### Dataset section
*** Block opens ***
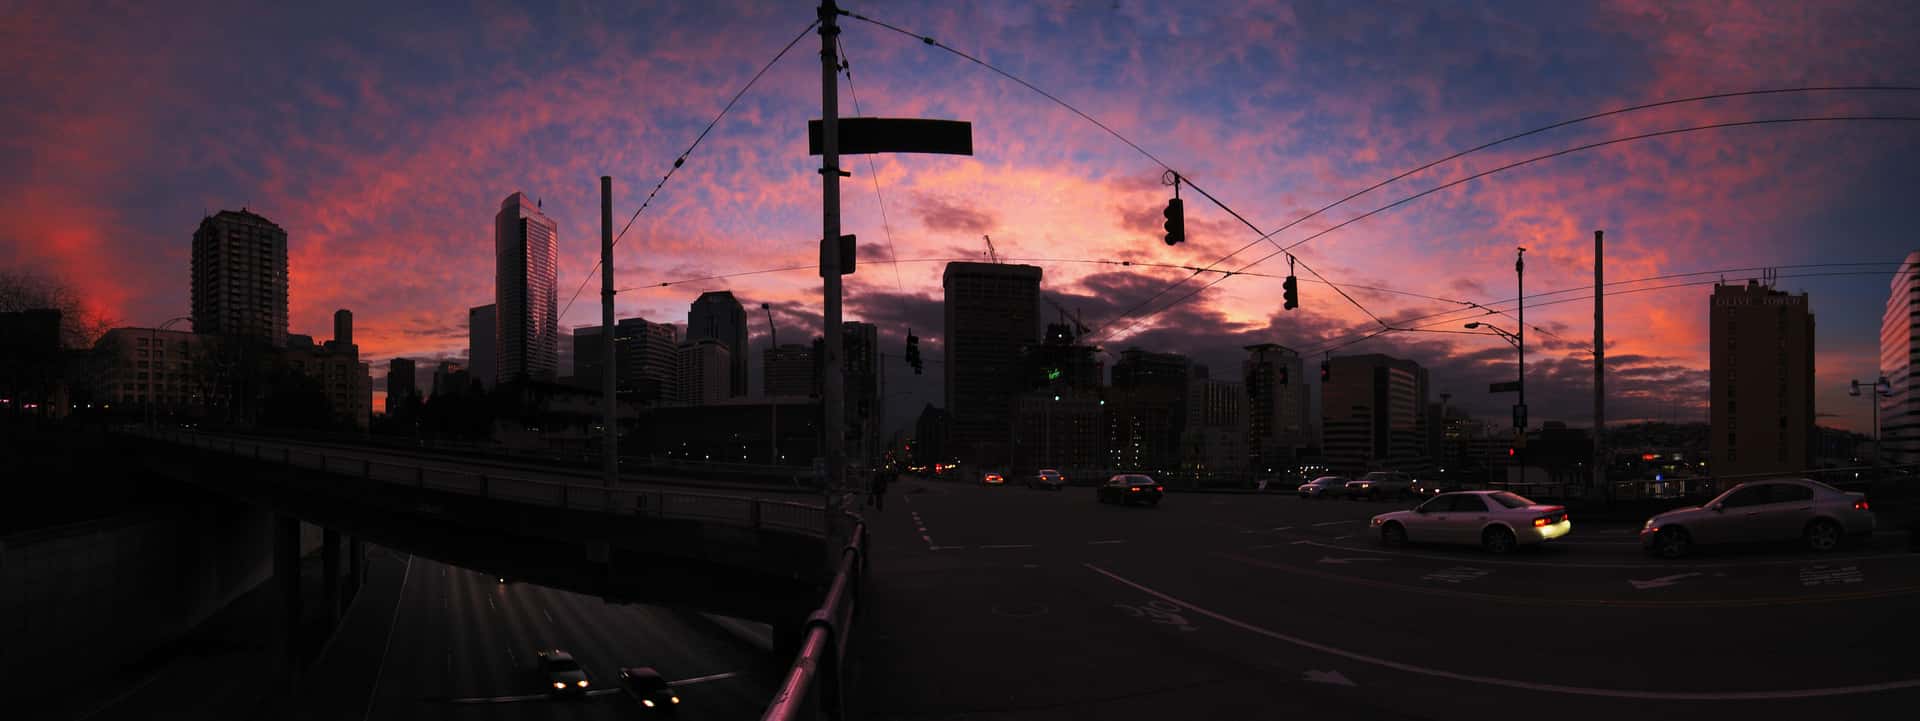 sunset over Seattle’s Pine Street overpass
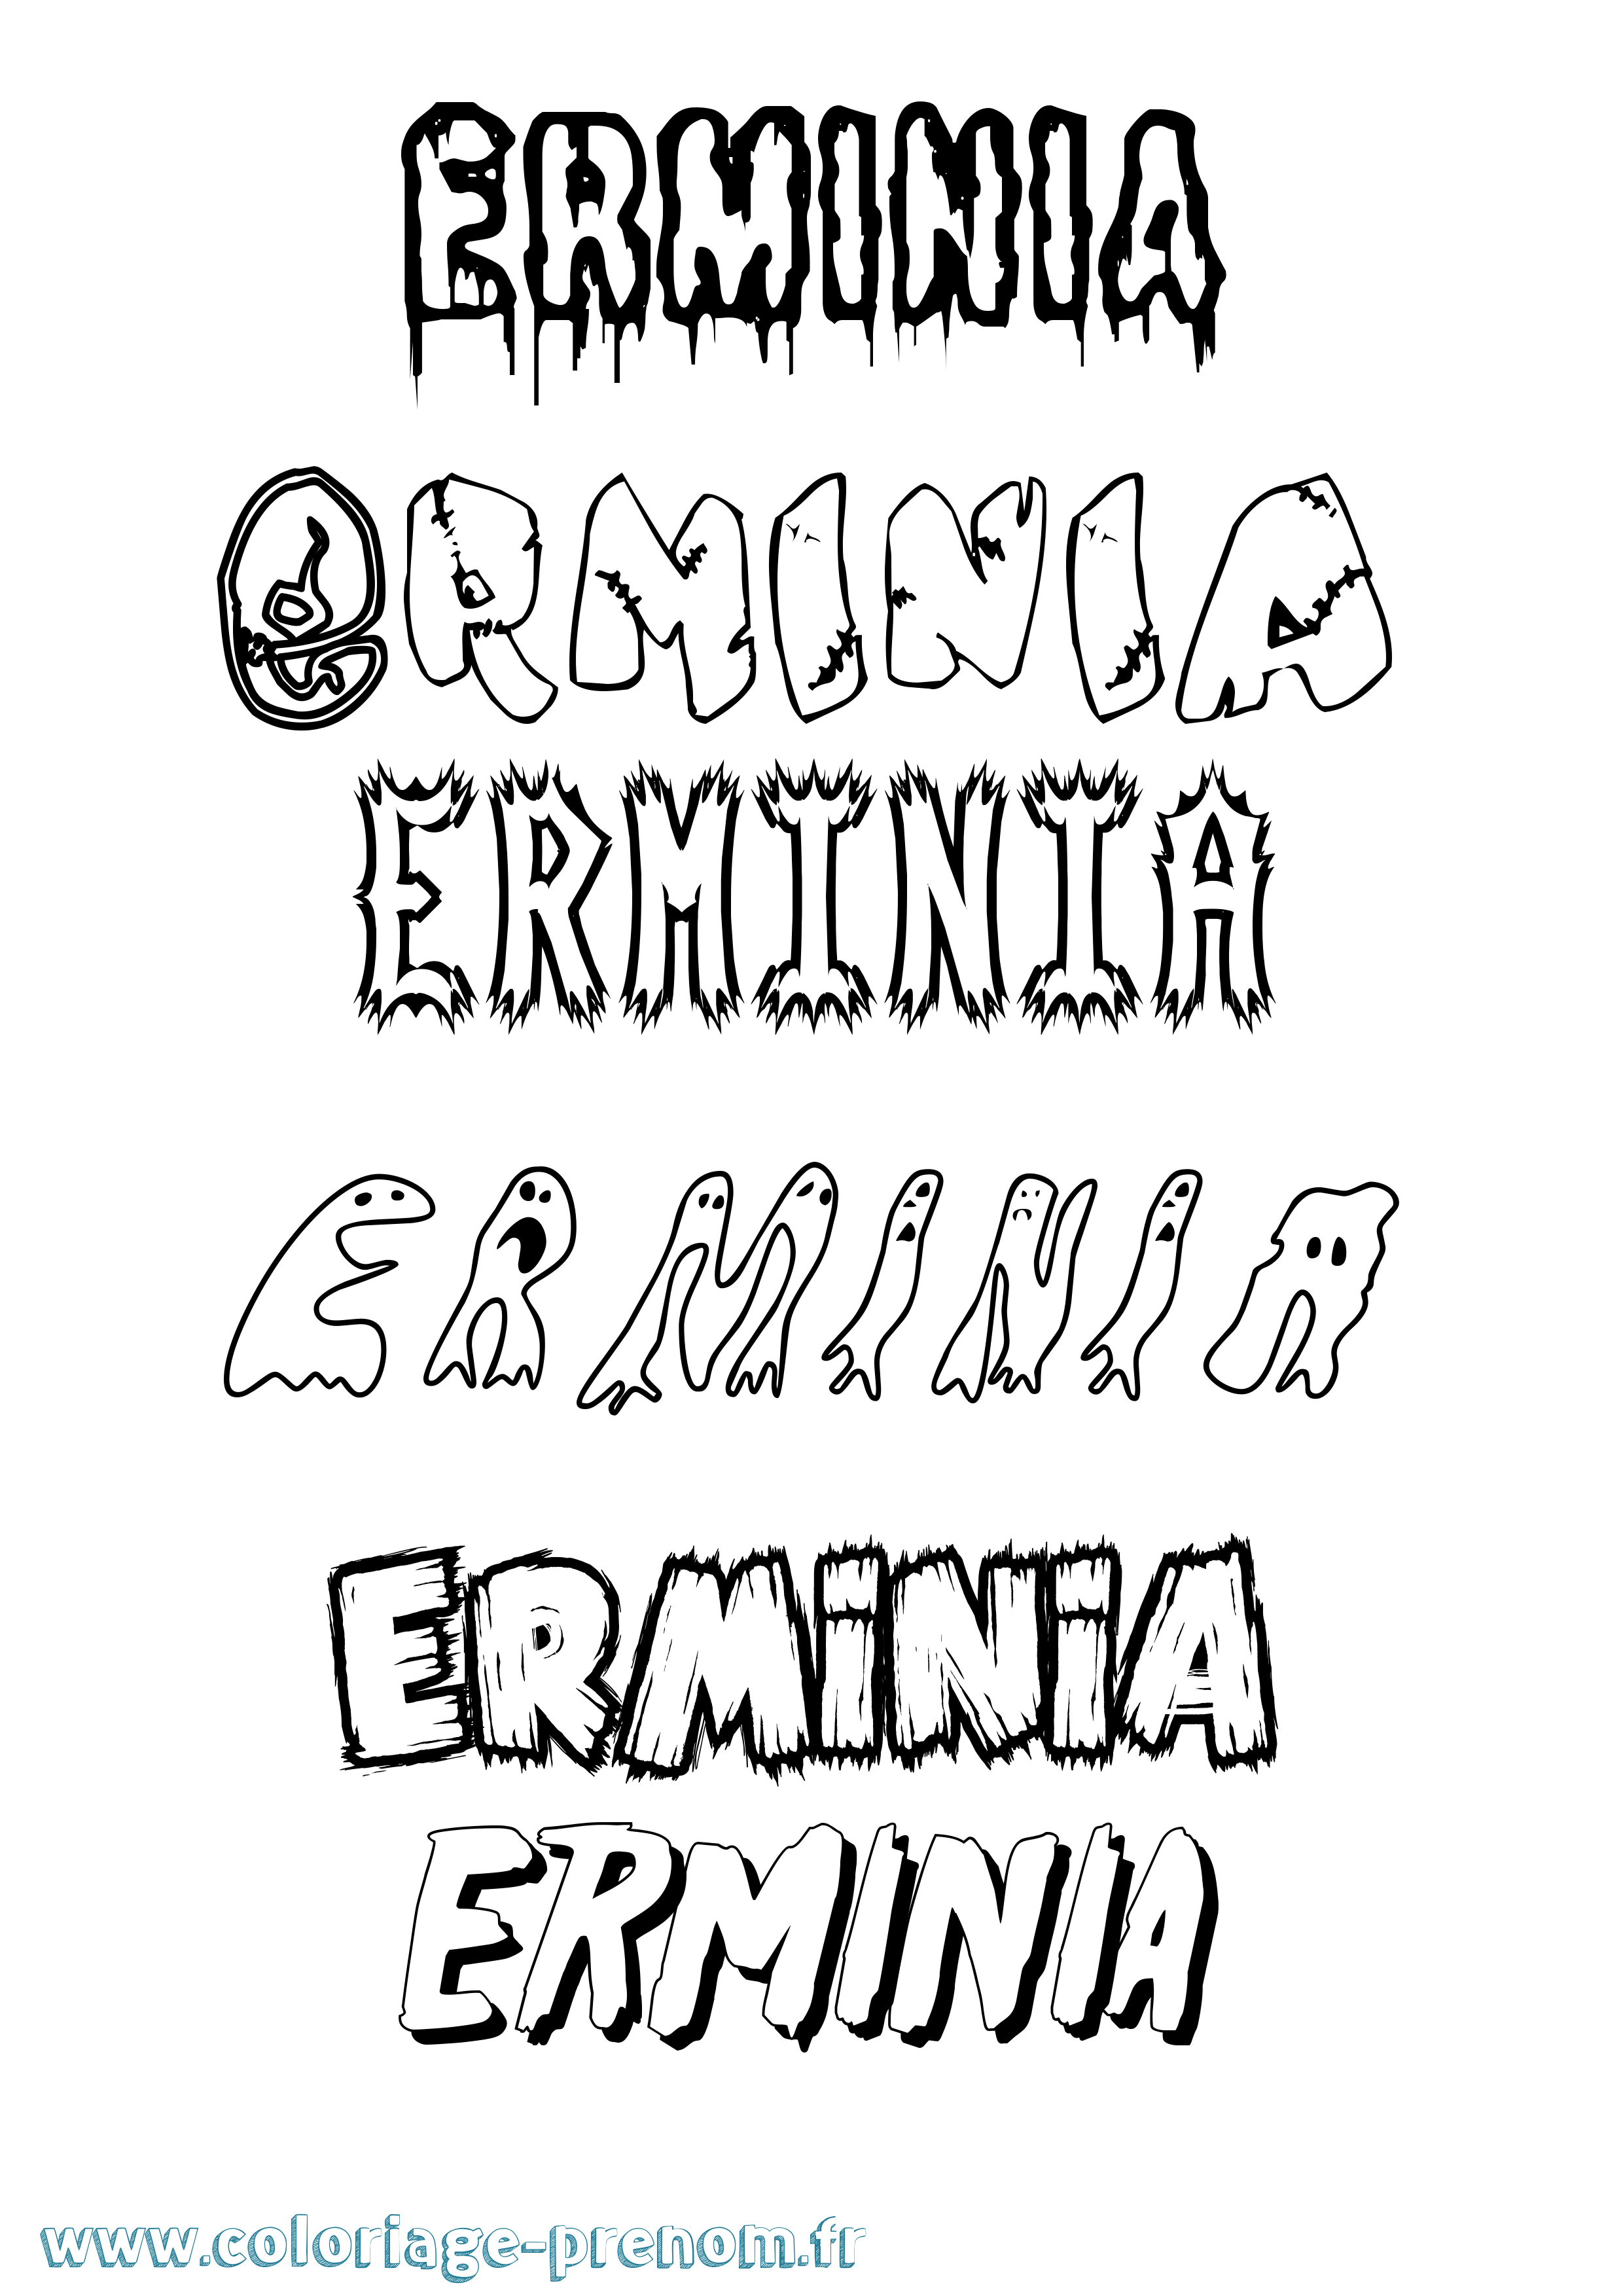 Coloriage prénom Erminia Frisson
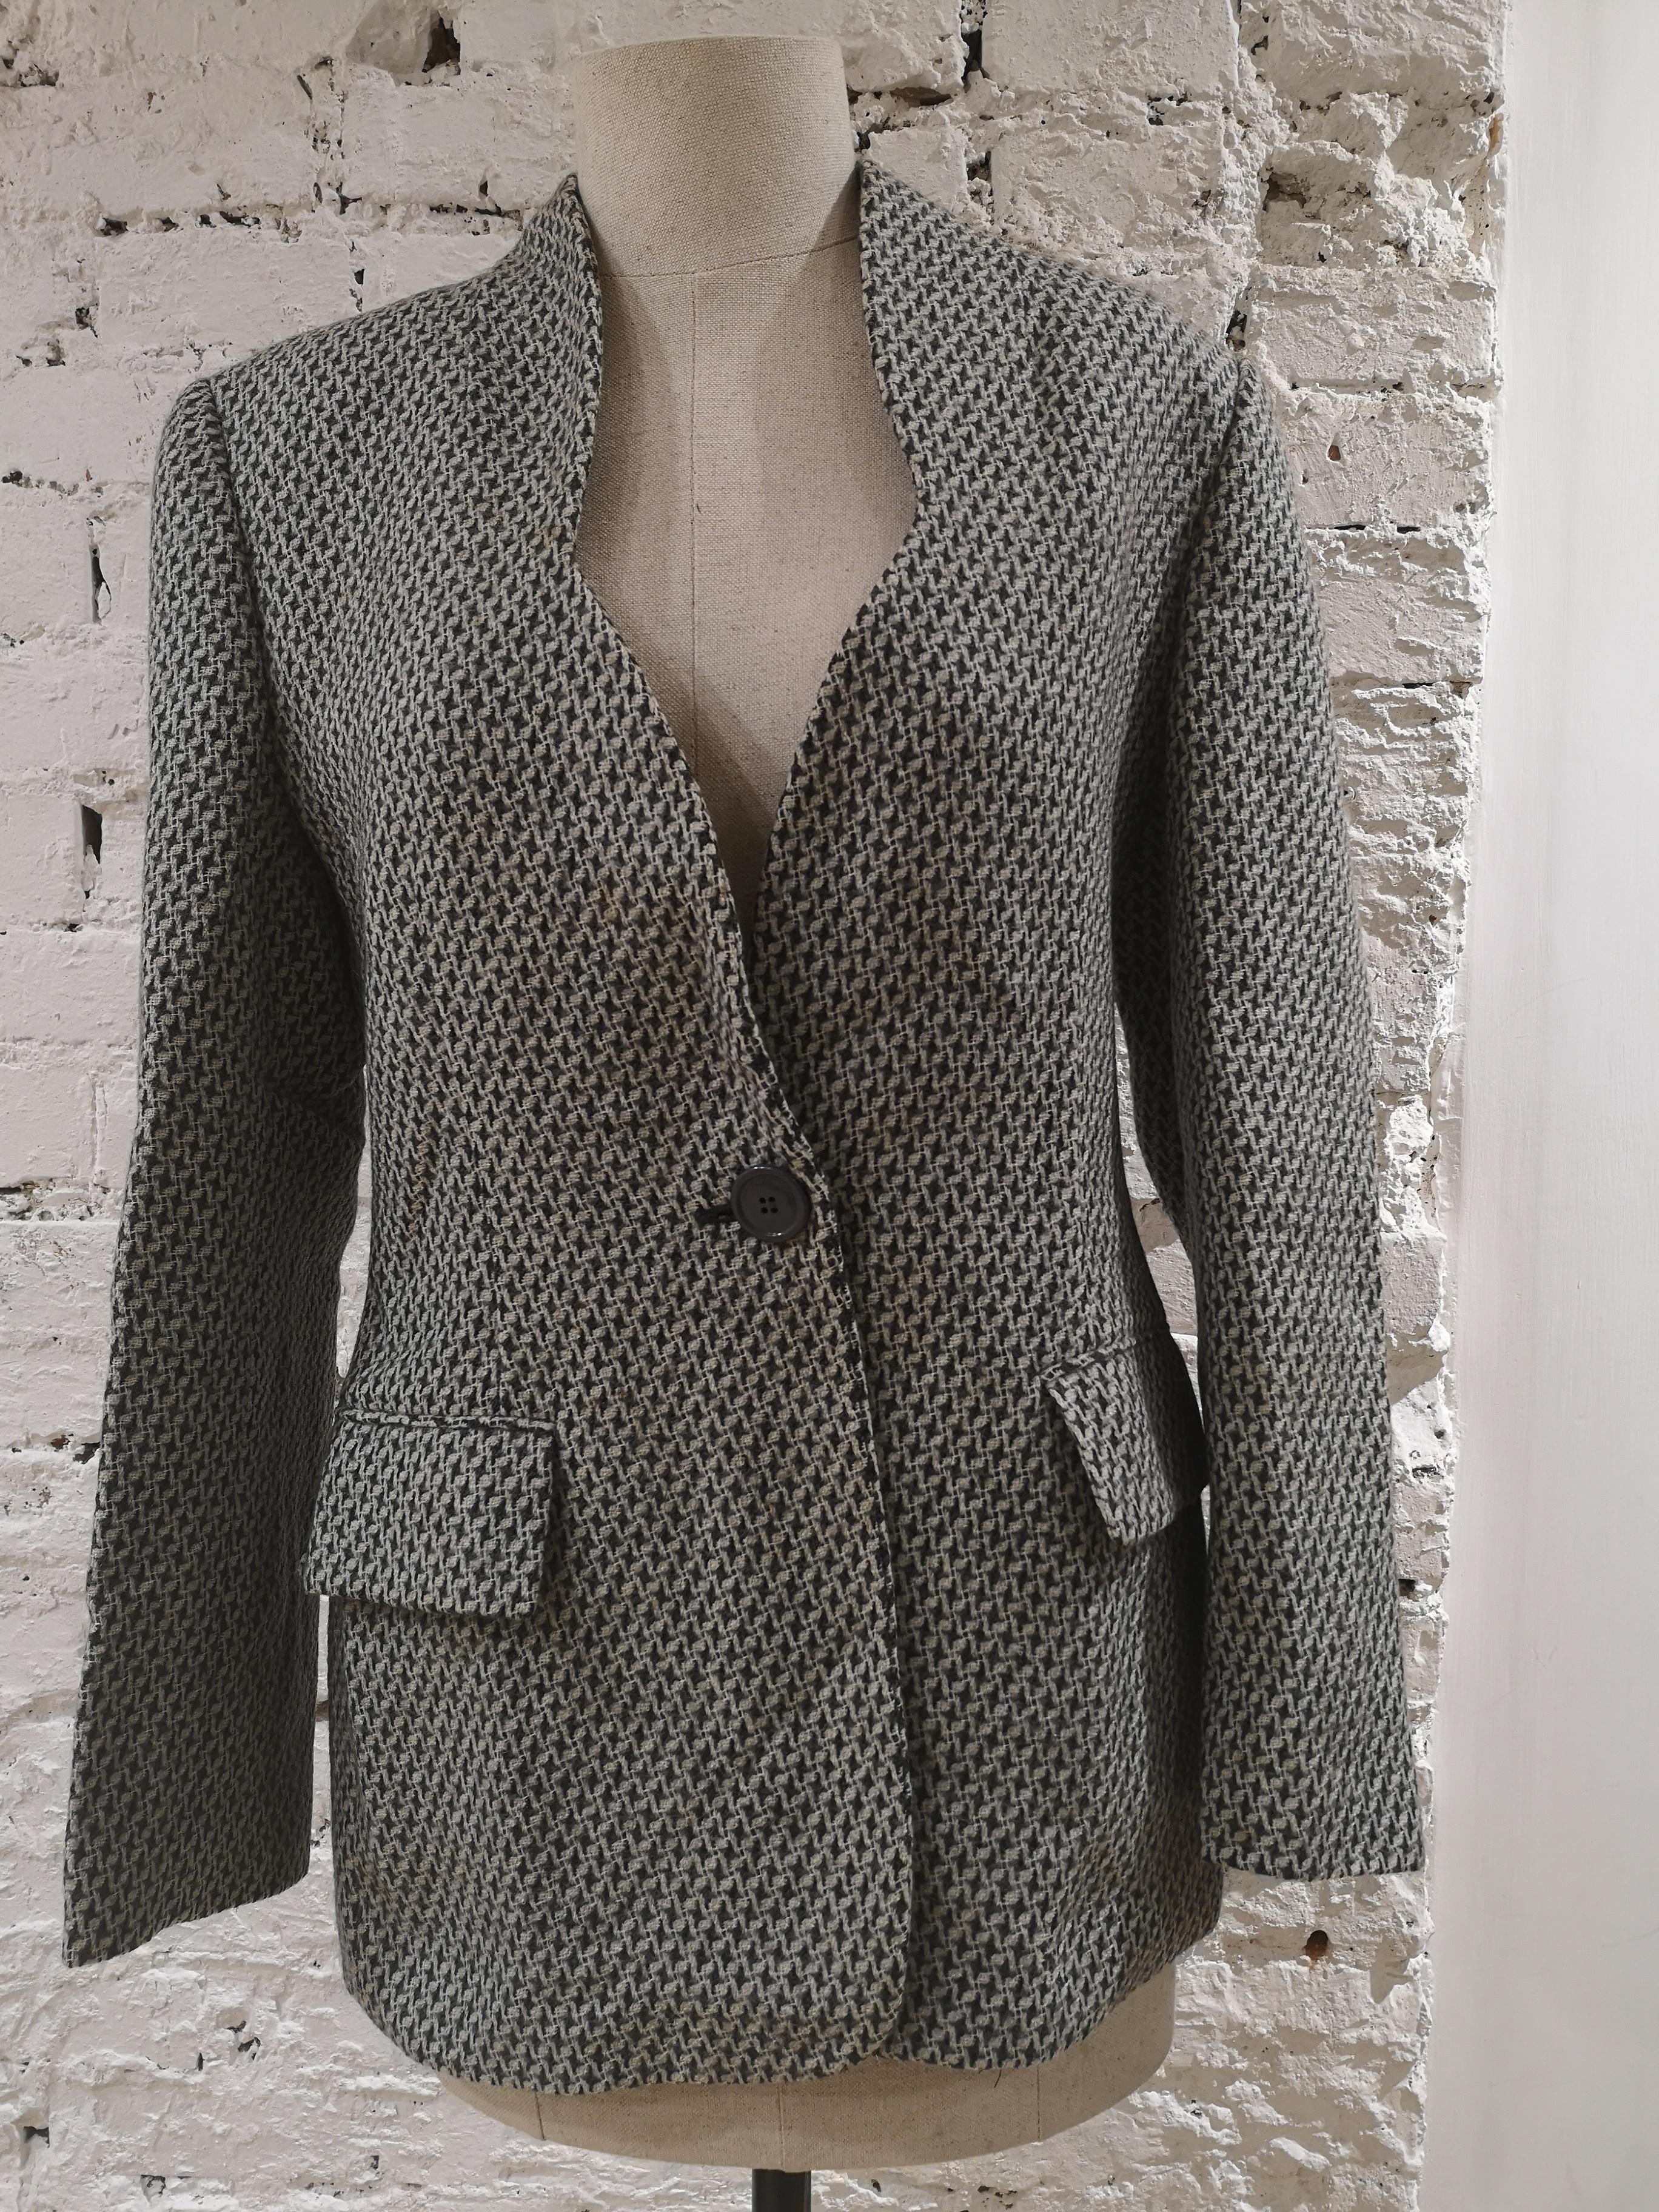 Gianfranco Ferre white grey blazer wool jacket
size 44 it
*** Block closes ***
### About this exercise
Retype the data exactly; images stay out.

### Answer space
 sunset over Seattle’s Pine Street overpass
 Coloriage prénom Erminia Frisson
 Gianfranco Ferre white grey blazer wool jacket
size 44 it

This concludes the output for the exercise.